Drop the images. Copy every line below character for character.
───── SOURCE MATERIAL ─────
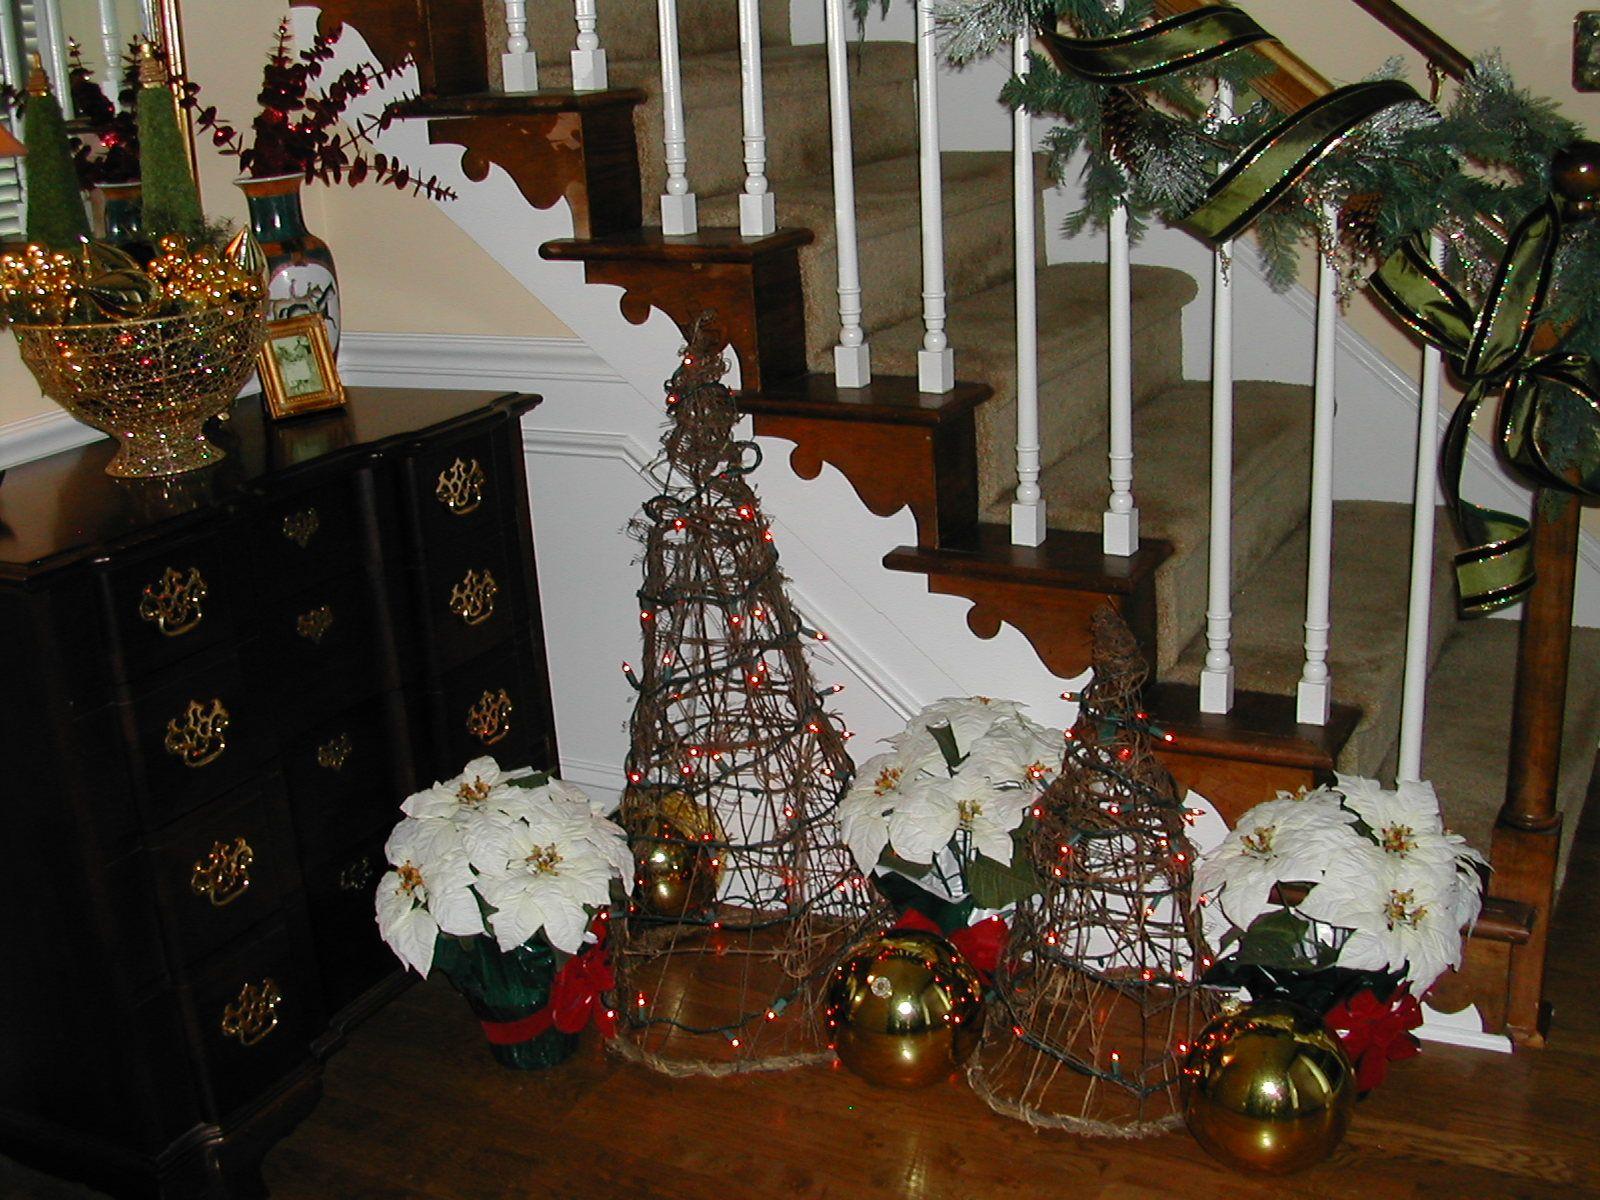 Foyer Christmas Decorating : Christmas foyer decor decorating ideas pinterest
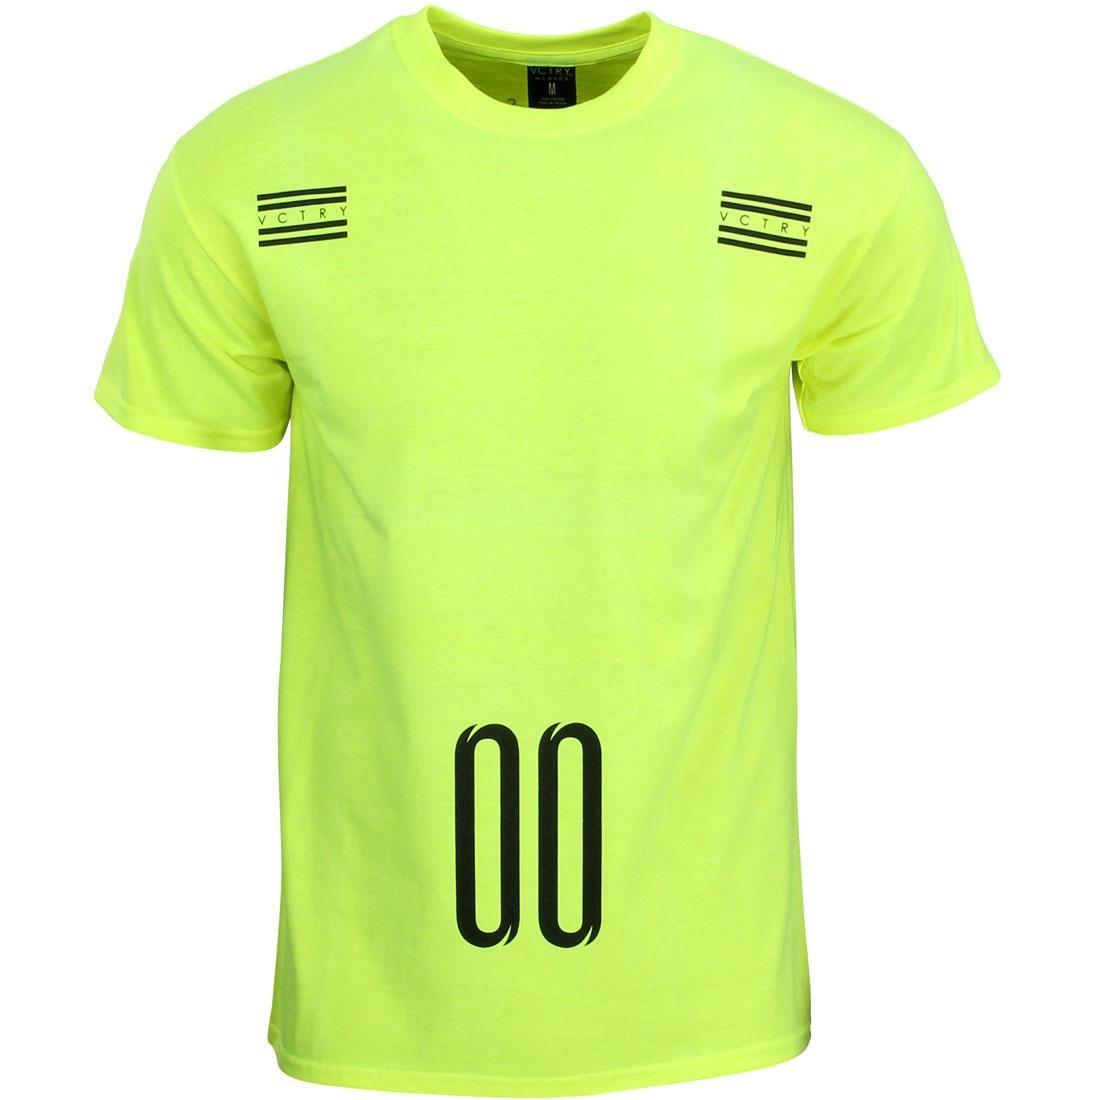 10 Deep Penalty Tee (green / neon)
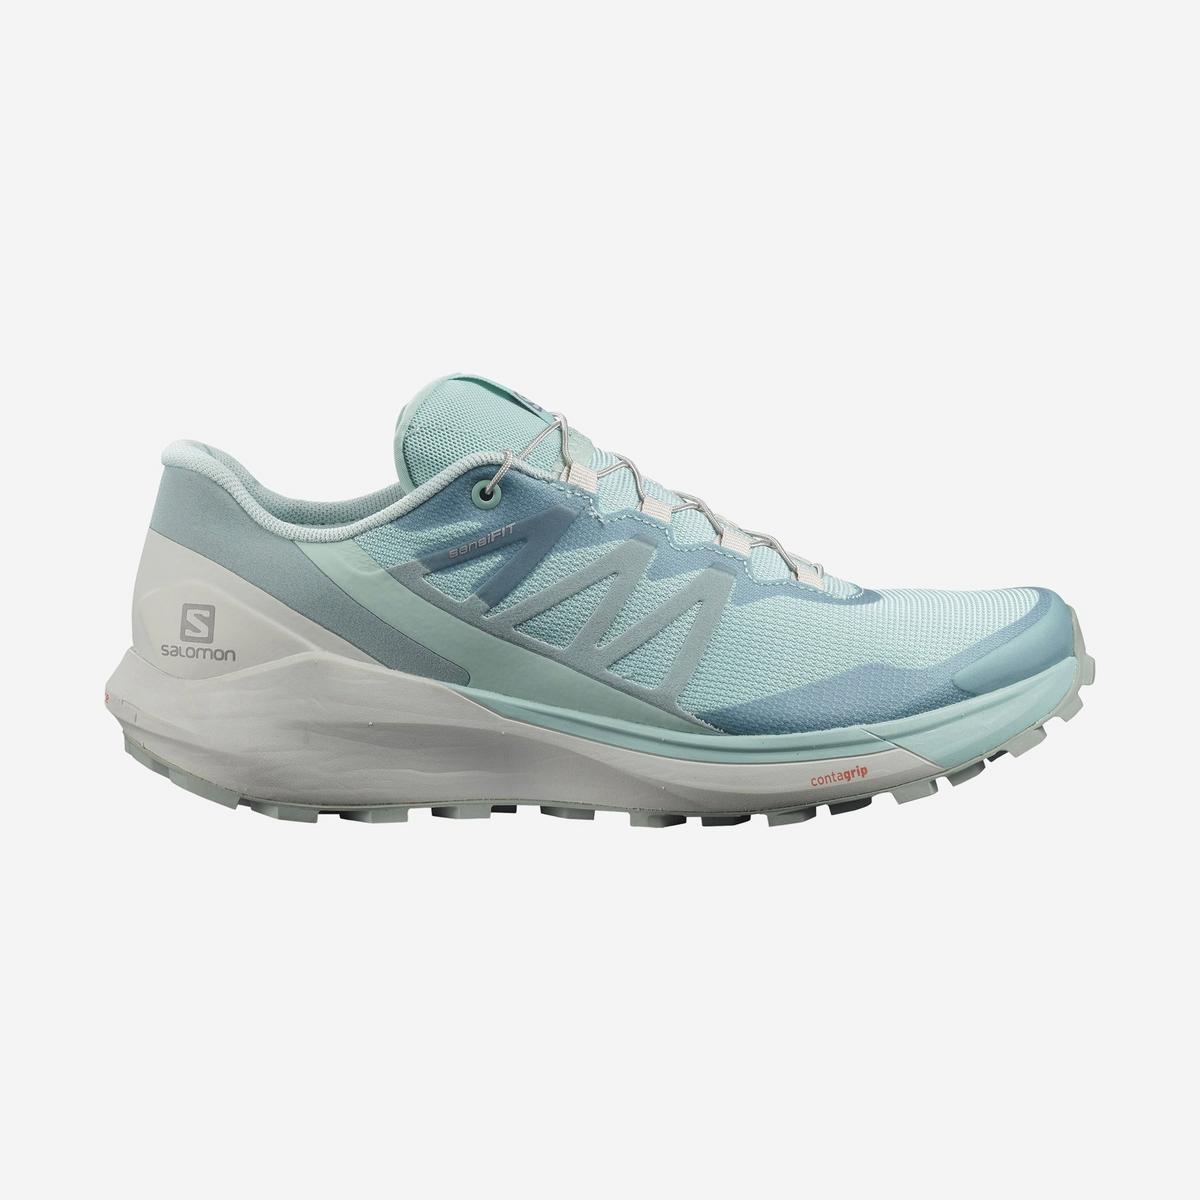 Salomon Women's Sense Ride 4 Trail Running Shoe - Pastel Turquoise/ Lunar Rock/ Slate
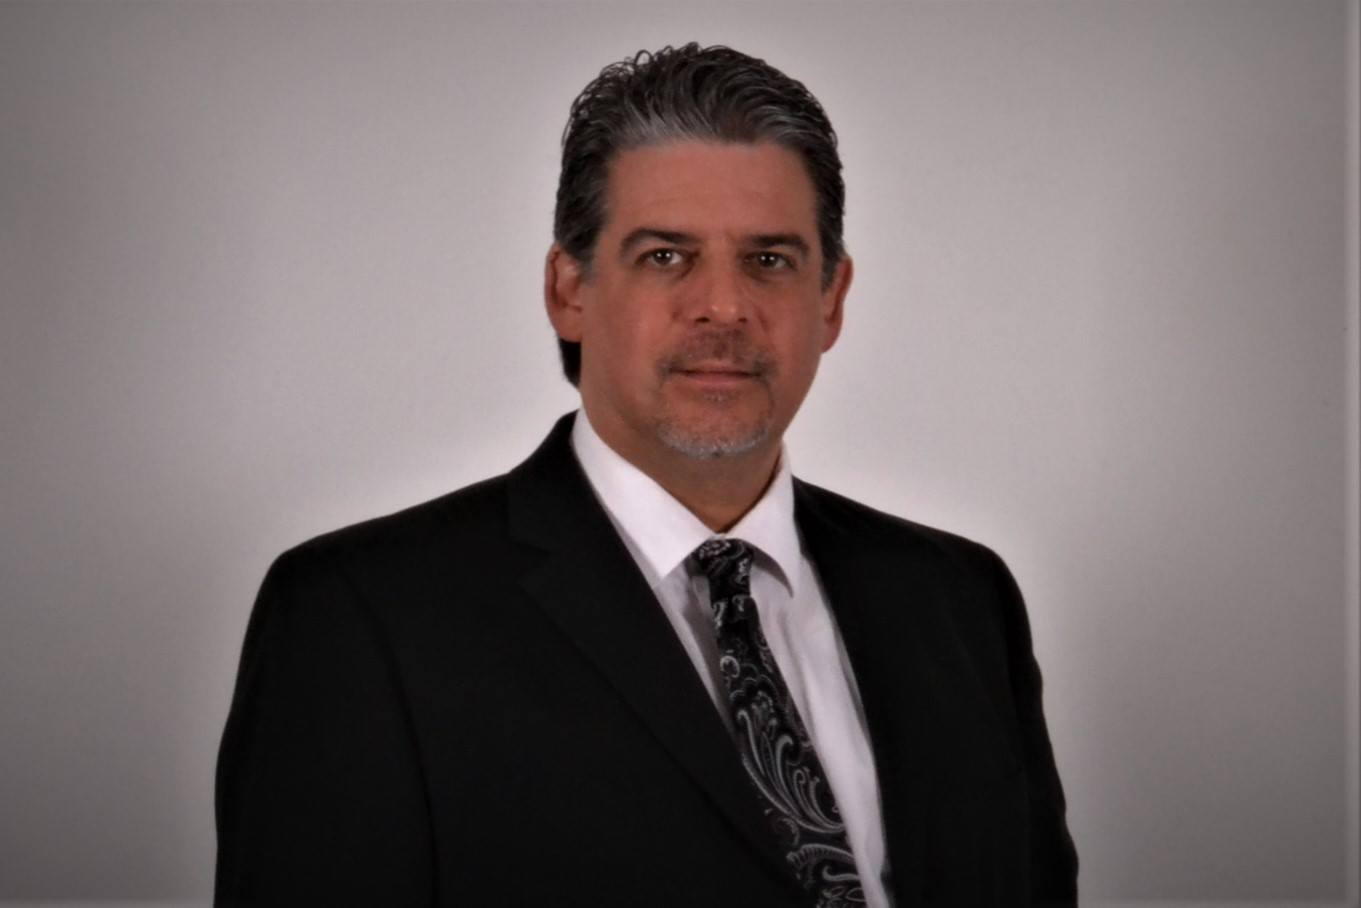 Jerry Hawley
─────
**WRITTEN ANSWER:**
 Foyer Christmas Decorating : Christmas foyer decor decorating ideas pinterest
 10 Deep Penalty Tee (green / neon)
 Salomon Women's Sense Ride 4 Trail Running Shoe - Pastel Turquoise/ Lunar Rock/ Slate
 Jerry Hawley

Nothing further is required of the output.